Friday, June 17, 2011

STEADFAST HEART

Psalm 57:7  "My heart is steadfast, O God, my heart is steadfast; I will sing and make music."

I would truly love to play the piano.  The keyboard, something to sing along to.  Years ago, when I lived in Louisiana, I took piano lessons for about six months.  Learning chords.  I could always pick out music by ear with my right hand, the melody, but did not know what to do with the left hand.  So I took lessons. I had found a lady two blocks from my house and it was easy to go there after work one night a week.  I actually was able to play some nice pieces, but then she quit private teaching; she went back to teaching in schools and no longer had the time.  I was very disappointed; and things were not such as I had quiet time at home to truly practice and learn on my own.

So I sing.  No, that is a mis-statement.  I worship.  I make music to my Lord, to my Papa.  Majestic songs of praise and worship in church, as that is what is led.  So often I find them too fast, asking if we could possibly slow them down some to make them into true worship, and sometimes we do.  But I do my part, Lord, so trying to get Your children to give You their hearts through worship; some get it, some don't.  But in my home, in my car, I worship to you from my heart.  During the night when I awake, I sing to you songs of love, songs of adoration.  It will not stop.  My heart is steadfast as I am secure in Your love for me, I am secure in my love for You.  I am secure in my salvation given me by my Jesus, Your Son.  Jesus, Jesus, Jesus, how I love Your Name, Jesus.  I will worship You, all my days.

Your heart is my desire Lord.  I want to feel Your heart intwined with mine.  I want to know Your thoughts if you care to share then with me.  I pray so, if only those thoughts for me.  But if not, I am content to let You weave the pieces of my life together in Your plans for me.  I will flow with the tides of Your oceans of love, the waves of peace that roll over me as I feel Your presence all around.  How can I ever be discontent with my life, with You so evident in all aspects of it.  You not only fill my live with Your love, with Your joy, but You orchestrate every day of it and let me see Your glory shining through.  You never fail to let me see Your hand in my days, to show  me, "Look my child, my beloved, I have done this, rest in this for it is I moving it around for you".  How many times I have heard that voice in my spirit telling me, "walk this way, it is the way I have prepared for you".

Trust and obey.  There is no other way.  So many people love You Lord, and I am always surprised when they don't seem to trust You.  They still worry, they fret.  How sad I find this Papa, that they are missing out on all the benefits of Your love.  You love us, but there are benefits of that love that is given when we completely trust You, truthfully obey You, and give our lives over to Your control.  I am benefiting in the most wonderful life I have ever known, just because I have completely given You my life, I trust You with every part of it and I will obey Your Word; Your commands to me.  I can only pray for them and be witness to Your goodness and mercy.

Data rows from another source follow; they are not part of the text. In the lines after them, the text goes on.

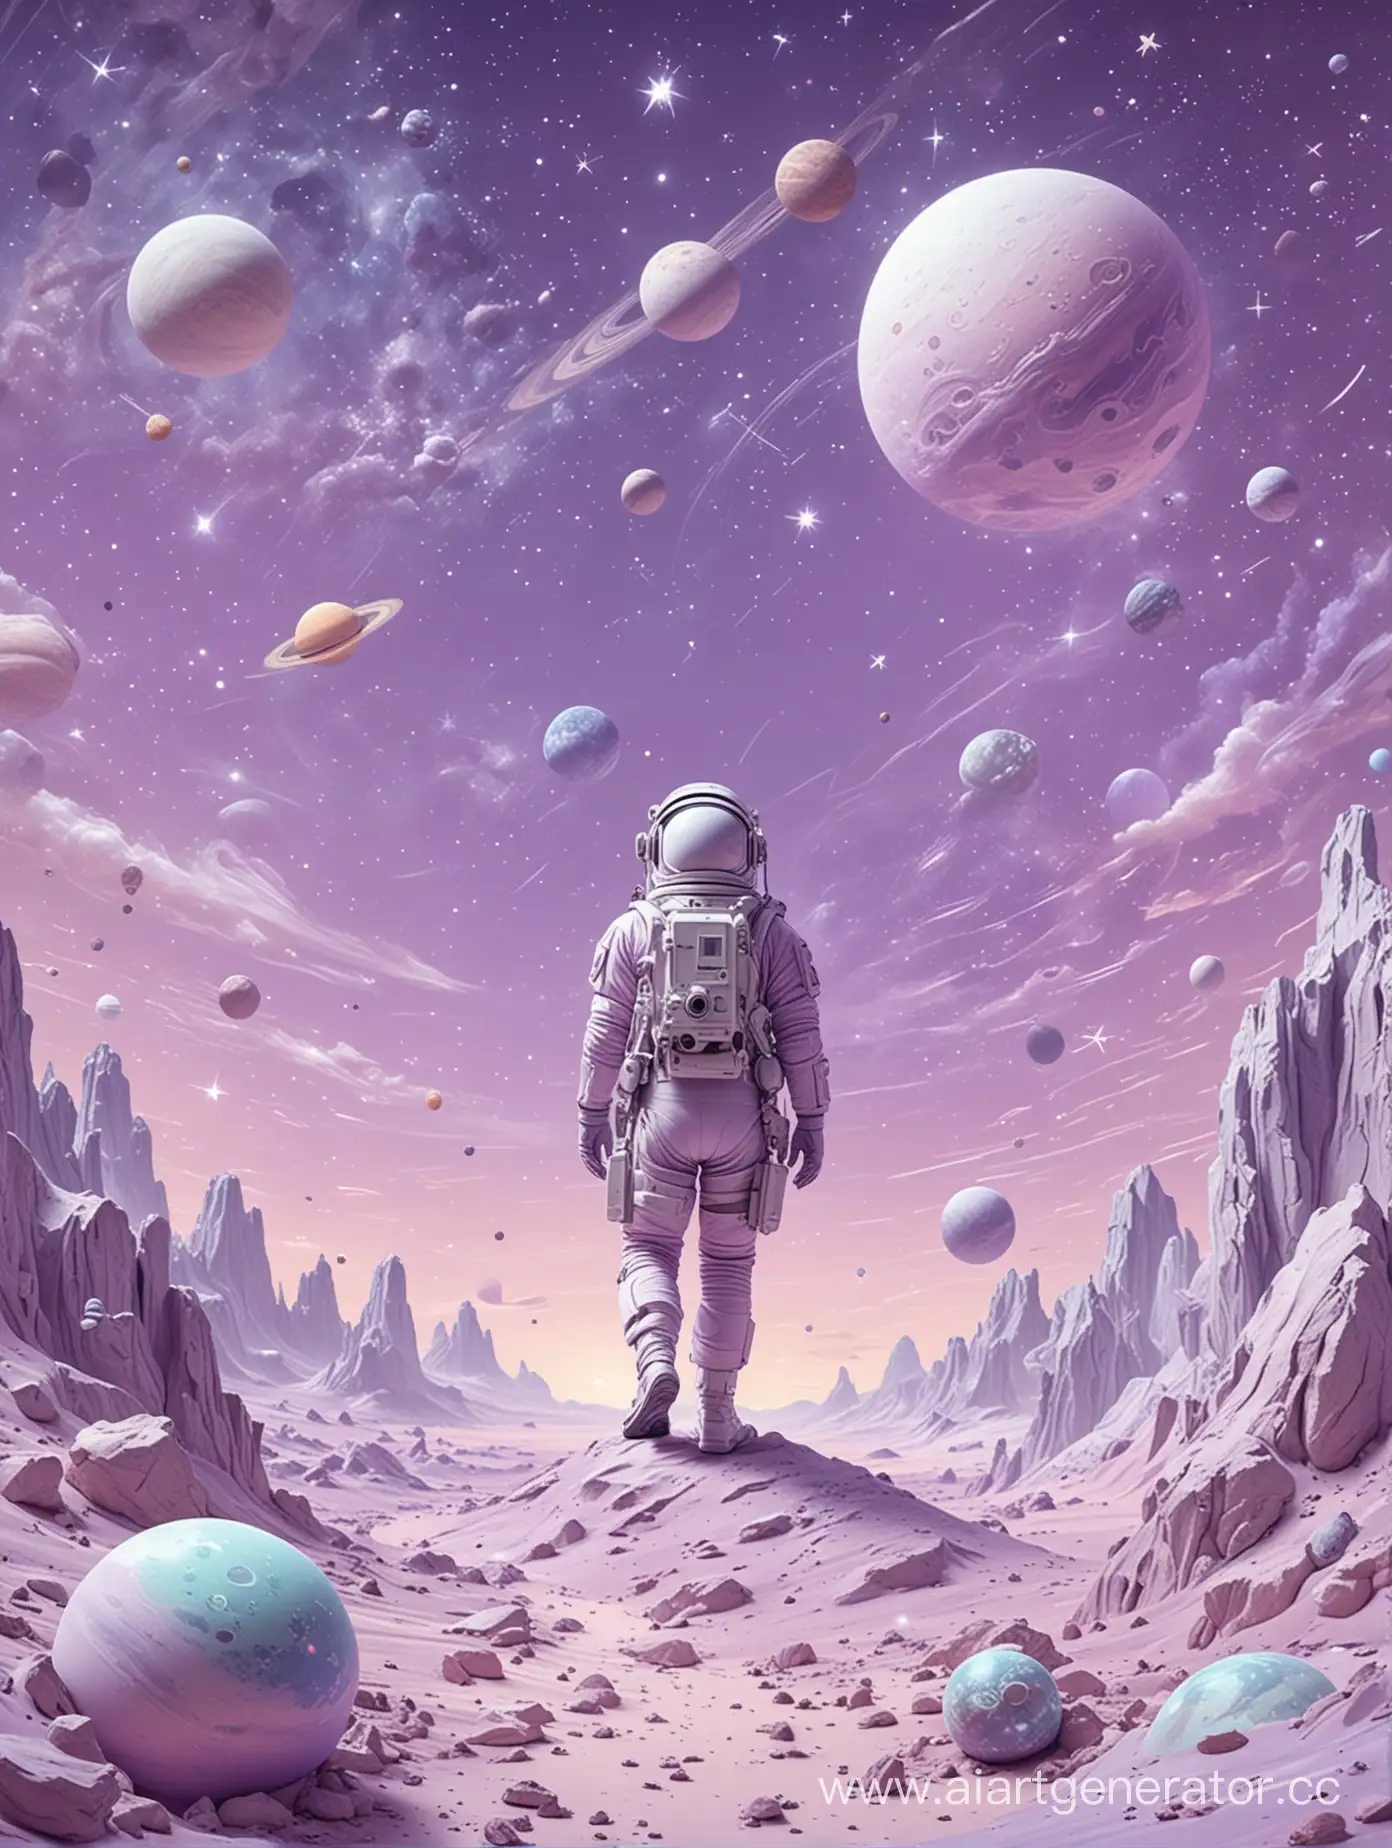 космическая тематика в пастельных сиреневых тонах с маленьким космонавтом, звёздами и планетами и космическим пейзажем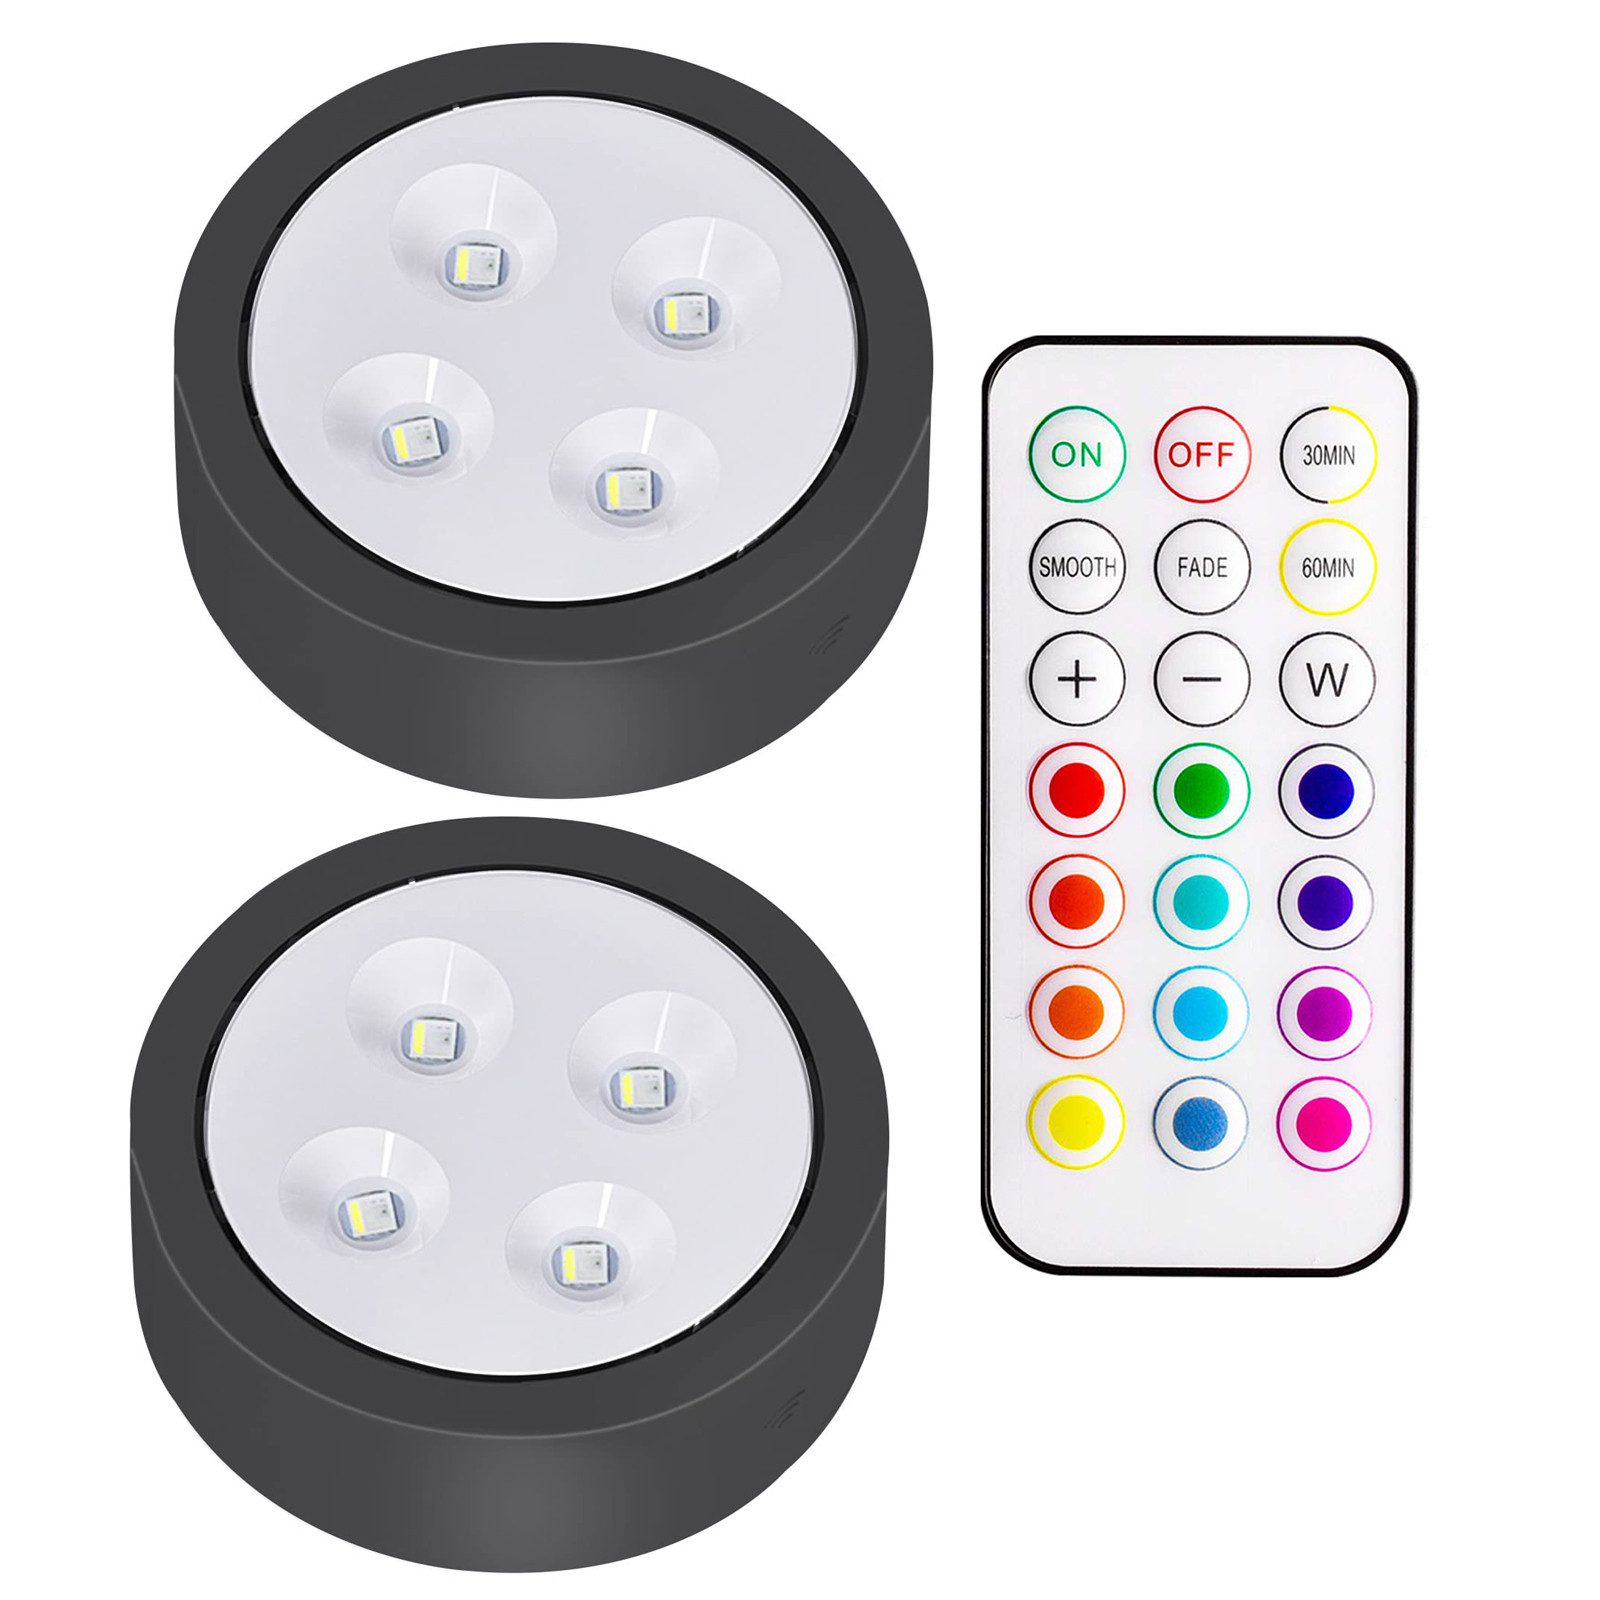 Jibenhome LED Unterbauleuchte RGB LED Unterschrankleucht Kabellose, Kleiderschranklitch Fernbedienung, Batteriebetrieben Unterbauleuchte, 13Farben & 2Modi, 4 Helligkeit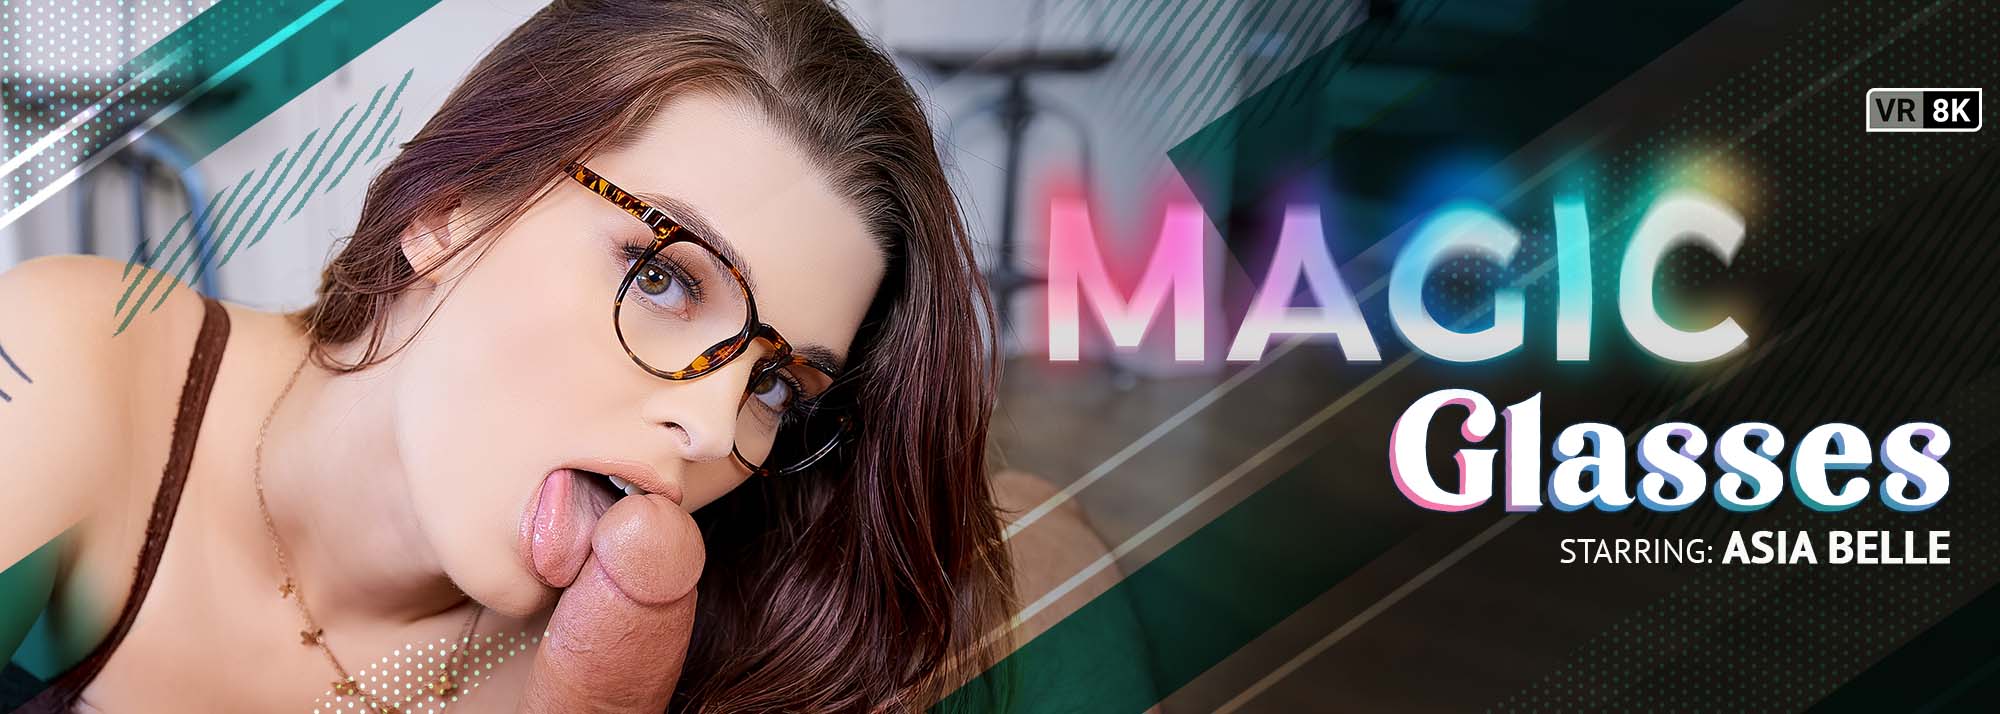 Magic Glasses - VR Porn Video, Starring: Asia Belle VR

My heart, my steadfast heart, is centered on You, it is anchored in Your love.  I love You so much my Lord, You give me so much happiness, so much peace.  I have a calmness that surpasses everything I have every known.  You, my Lord, my sweet Papa, are all I want, all I need.  This 17th day of June, 2011, I am leaning on You, the Solid Rock of my life, the Foundation of my steadfast heart.